AUGUSTA — Opponents of Central Maine Power’s proposal to build a high-voltage transmission line through Maine urged lawmakers to order state environmental regulators to consider the project’s impacts on greenhouse gas emissions.
Dozens testified on both sides of a bill that would direct the Department of Environmental Protection to study the “total net effect” on greenhouse gases of CMP’s controversial proposal to build the 145-mile transmission line through western Maine. The New England Clean Energy Connect proposal would allow Massachusetts to purchase power from Hydro-Quebec as part of a state law requiring the Bay State to switch to renewable sources.
But skeptics of those clean-energy claims suggest Hydro-Quebec could merely shift existing power generation to Massachusetts without reducing greenhouse gas emissions. Meanwhile, Maine residents would be forced to deal with the ecological and economic impacts of a 145-mile power line corridor cutting across the mountains, lakes and river valleys of western Maine, critics said.

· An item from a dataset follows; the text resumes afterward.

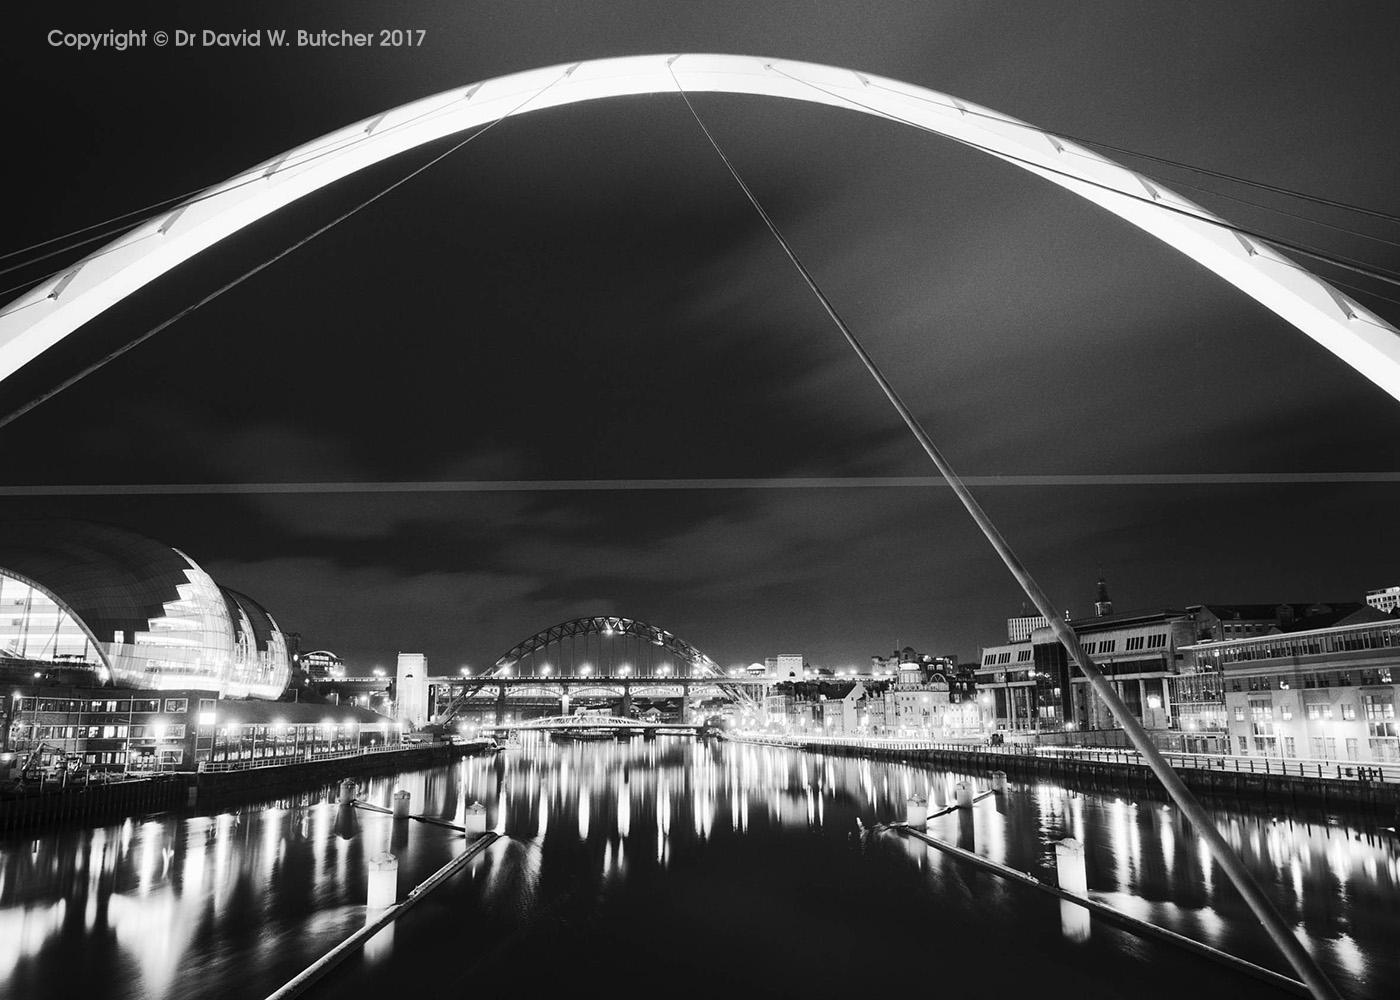 Newcastle Tyne Bridge from Gateshead Millennium Bridge

“There is a lot at stake here: Global warming is a serious issue but so is maintaining our natural environment,” said Daryl Kelley, a registered Maine Guide from Portland whose great-grandfather was a trapper and former game warden in the corridor area. “We need some real answers to this whole project. If what CMP is telling us is true with the corridor, they shouldn’t be afraid of an independent study.”

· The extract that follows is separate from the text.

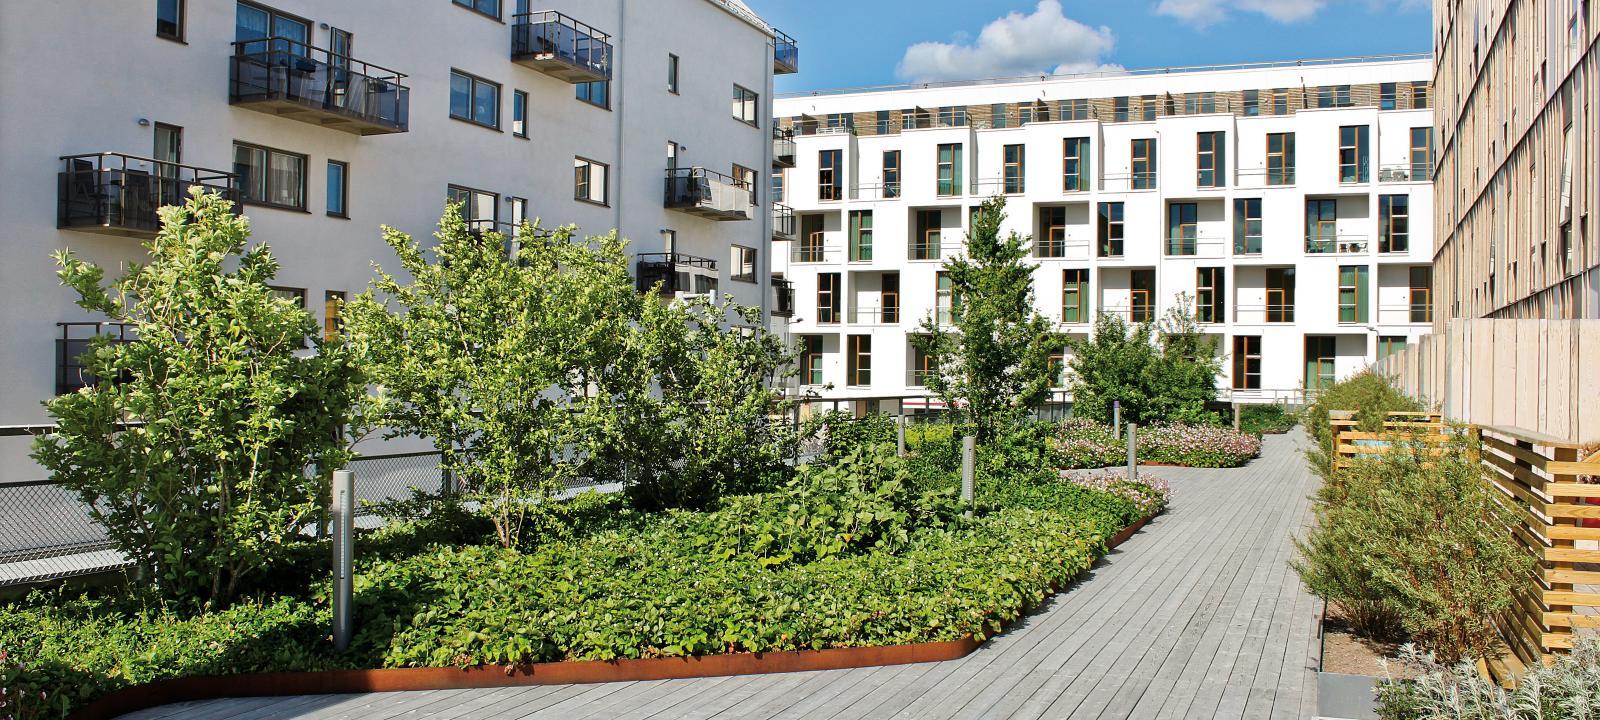 Smaragden Uppsala Rosendal Zinco Green Roof Systems

But project backers said the proposed study is unnecessary, given evidence on greenhouse gas emissions already presented to state regulators. And they warned that any new regulatory requirements would only delay a project that would create thousands of construction jobs and benefit the tax base of communities along the corridor.
“In my view, based on painful decades of regulatory experience in Maine, you are looking at six months to a year of extending DEP proceedings in Maine … and the tragedy there, as my testimony points out, is the fear is not justified by the facts,” said Tony Buxton, an attorney representing the trade organization the Industrial Energy Consumers Group.
CMP’s transmission line proposal has emerged as Maine’s most controversial land-use fight in a decade.
Numerous towns along the proposed corridor have come out against the project, despite a $258 million incentives package that includes benefits for host communities. Those financial incentives helped win Gov. Janet Mills’ support for the project – which would be paid for by Massachusetts ratepayers – but have done little to suppress the opposition.
“We’ve seen tens of thousands of Mainers who are very concerned about the massive permanent scarring that this corridor would present,” Sandra Howard of Carratunk, director of the Say NO to NECEC organization, said during a rally of project opponents at the State House on Friday. “It also would be harmful to Maine’s environment and waterways.”
The project is under review by the DEP, the Maine Public Utilities Commission and the Land Use Planning Commission. On Friday, however, Howard and other critics seized on the issue of greenhouse gas emissions as their latest front of attack against the project.
The bill, L.D. 640, would require the DEP or a consultant hired by the department to “review all relevant, verifiable evidence and issue a report on the total net effect on greenhouse gas emissions” from the project. The bill sets a deadline of June 1 and directs the DEP to consider the study’s findings as part of the application review.
“There are plenty of reasons to be skeptical about whether the project would, in fact, reduce greenhouse gas emissions,” said bill sponsor Sen. Brownie Carson, D-Harpswell. “One might think that we would know the answer to this by now but, unfortunately, we do not. We don’t because a credible, independent assessment of this issue has not been done.”
But a representative for CMP’s parent company, Avangrid Networks, as well as other project backers, pointed to a report for the PUC by London Economics International and two others showing greenhouse gas emission reductions in New England.
“There has been extensive time spent at the PUC addressing this issue, including the testimony of three independent experts,” said Thorn Dickinson of Avangrid Networks. “And in that record, the analysis clearly demonstrates that NECEC will reduce carbon emissions by 3 million metric tons per year.”
Ben Dudley, director of the organization Mainers for Clean Energy Jobs, pointed out that Carson’s bill would create a new regulatory review standard for a single project. Yet the bill offers DEP staff no criteria for incorporating the study’s results into their analysis of the project.
“It proposes an 11th hour disruption to well-established permitting policies that carefully balance the diversity of public interests,” said Dudley, whose organization’s members include the Maine State Chamber of Commerce and companies hoping to help build the corridor. “The regulatory permitting processes the Legislature has delegated are justified, in part, to insulate decisions from political pressure. This bill circumvents that insulation.”
But Nick Bennett, staff scientist at the Natural Resources Council of Maine, said Maine residents deserve to know if the project will reduce greenhouse gas emissions considering the environmental impacts of a 145-mile transmission line. Bennett also pointed to testimony in Massachusetts’ regulatory process from the office of the state’s attorney general suggesting that electric generation using fossil fuels may increase elsewhere if Hydro Quebec diverts a large amount of electricity to Massachusetts.
“That’s why we need this study because we need to get to the bottom of this,” Bennett said.
Hydro-Quebec has not formally participated in the regulatory process and did not send a representative to address lawmakers Friday.